Un saludo y gracias.

----------

## ramiromd

Bueno, acabo de encontrar un tuto por la red que parece resolver mi cuestión.

Ya me pongo con eso. Dejo el link abajo.

Un saludo.-

http://foro.elhacker.net/tutoriales_documentacion/mi_pequeno_manual_de_instalacion_de_gentoo_por_g0su-t33841.0.html

----------

## pelelademadera

primero que nada, bienvenido.

ahora voy con un par de explicaciones.

gentoo no se instala como cualquier distro. gentoo esta compuesto de las herramientas necesarias para poder compilar los paquetes basicos, y las librerias necesarias junto con portage, que es el corazon de gentoo.

portage vendria a ser el apt de debian/ubuntu, pero la principal diferencia es que baja codigos fuente, y realiza la compilacion e instalacion de el paquete a instalar.

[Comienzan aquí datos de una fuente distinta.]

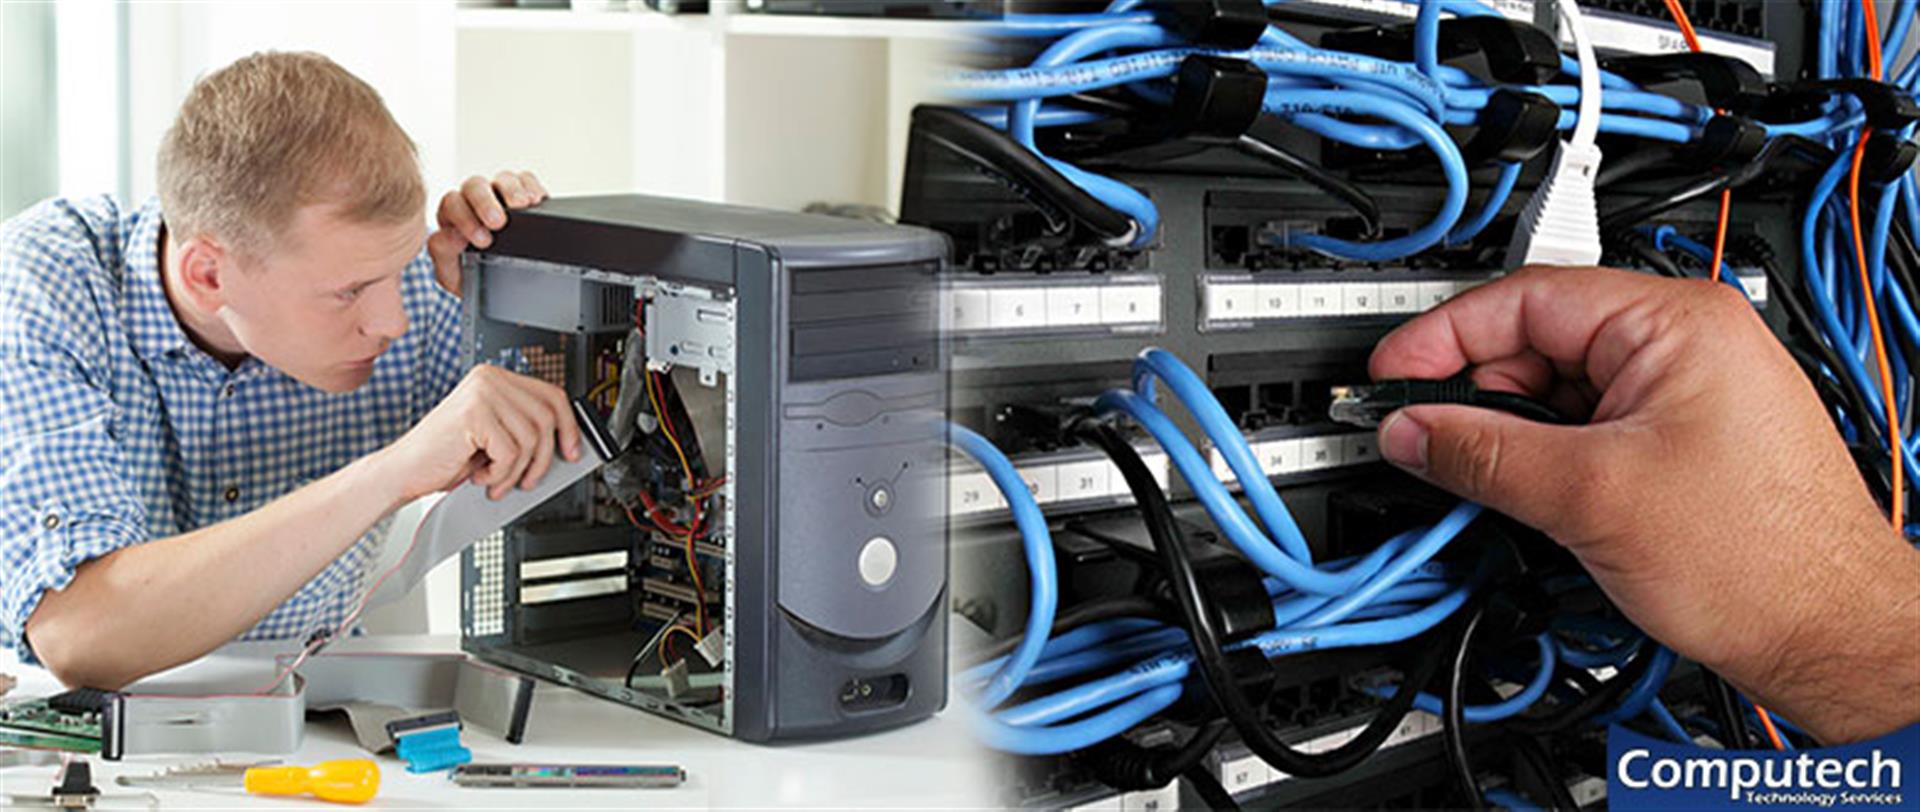 Brewton Alabama Onsite Computer PC & Printer Repair, Networks, Voice & Data Low Voltage Cabling Services
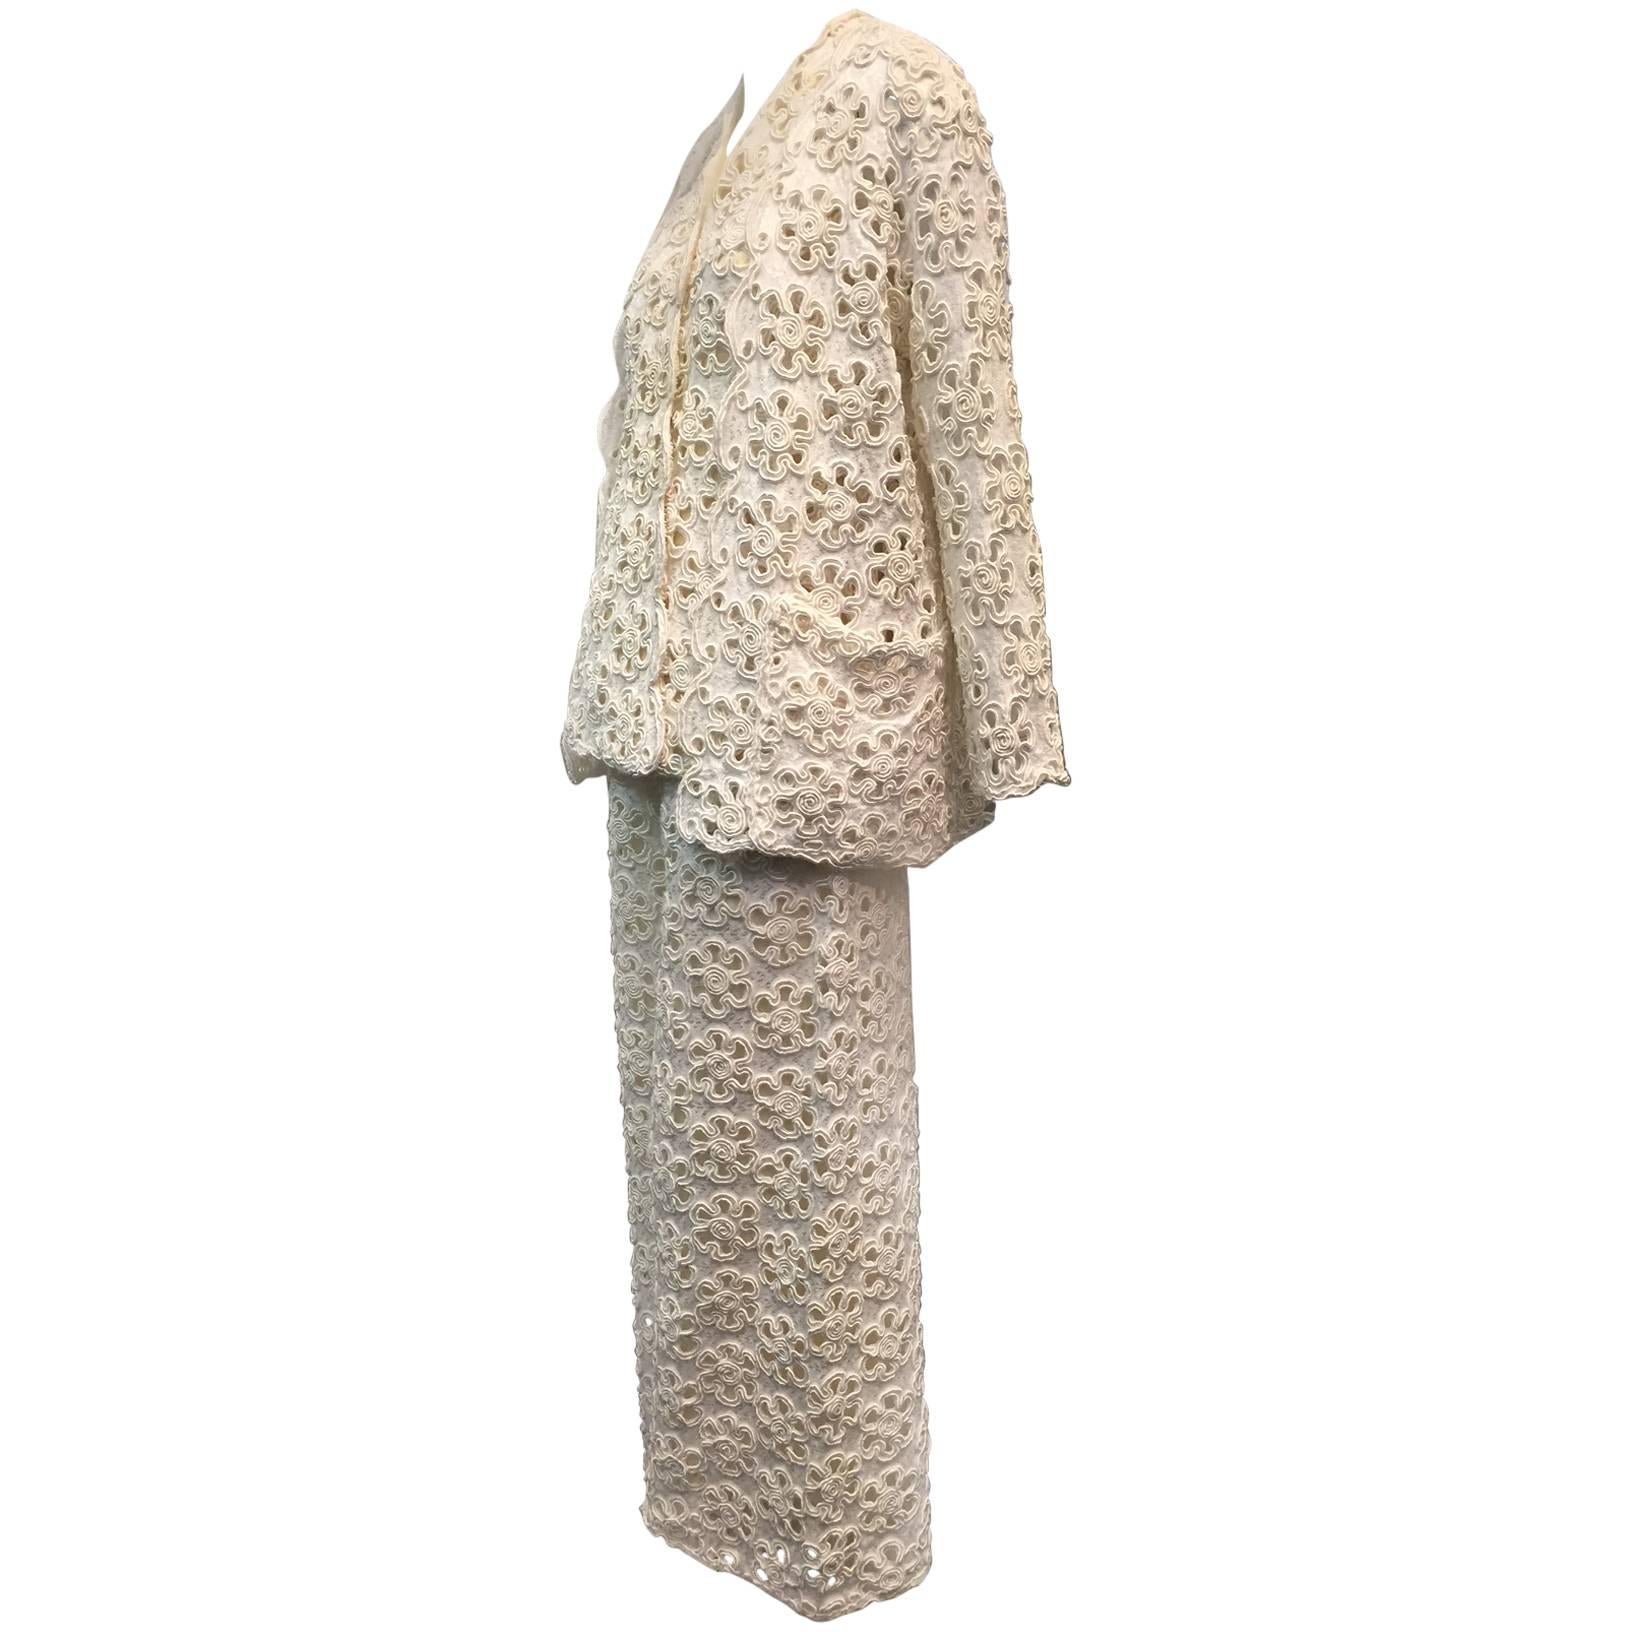 1960s James Galanos Mod Cream Embroidered Eyelet Lace 3-Piece Pant Suit For Sale

otra cosa, es: gentoo no trae "X" aplicaciones, gentoo se construye, y estoy seguro, que es casi imposible encontrar 2 instalaciones identicas de gentoo, salvo que esten hechas bajo un mismo dueño.

gentoo se construye desde 0, y como tal, vos elegis como hacerlo, y con determinadas opciones generales, y especificas para cada paquete, asi como es el soporte y las optimizaciones.

no quiero hacer esto muy largo, gentoo se sabe lo que es cuando se usa, creo y estoy seguro que es la mejor distro, pero tiene una sola contra, el tener que compilar el sistema y todas las aplicaciones y librerias que vallas a usar, no por la dificultad, ya que esto lo hace portage, sino por el tiempo que lleva hacerlo, sobre todo, si tu equipo no es medianamente moderno.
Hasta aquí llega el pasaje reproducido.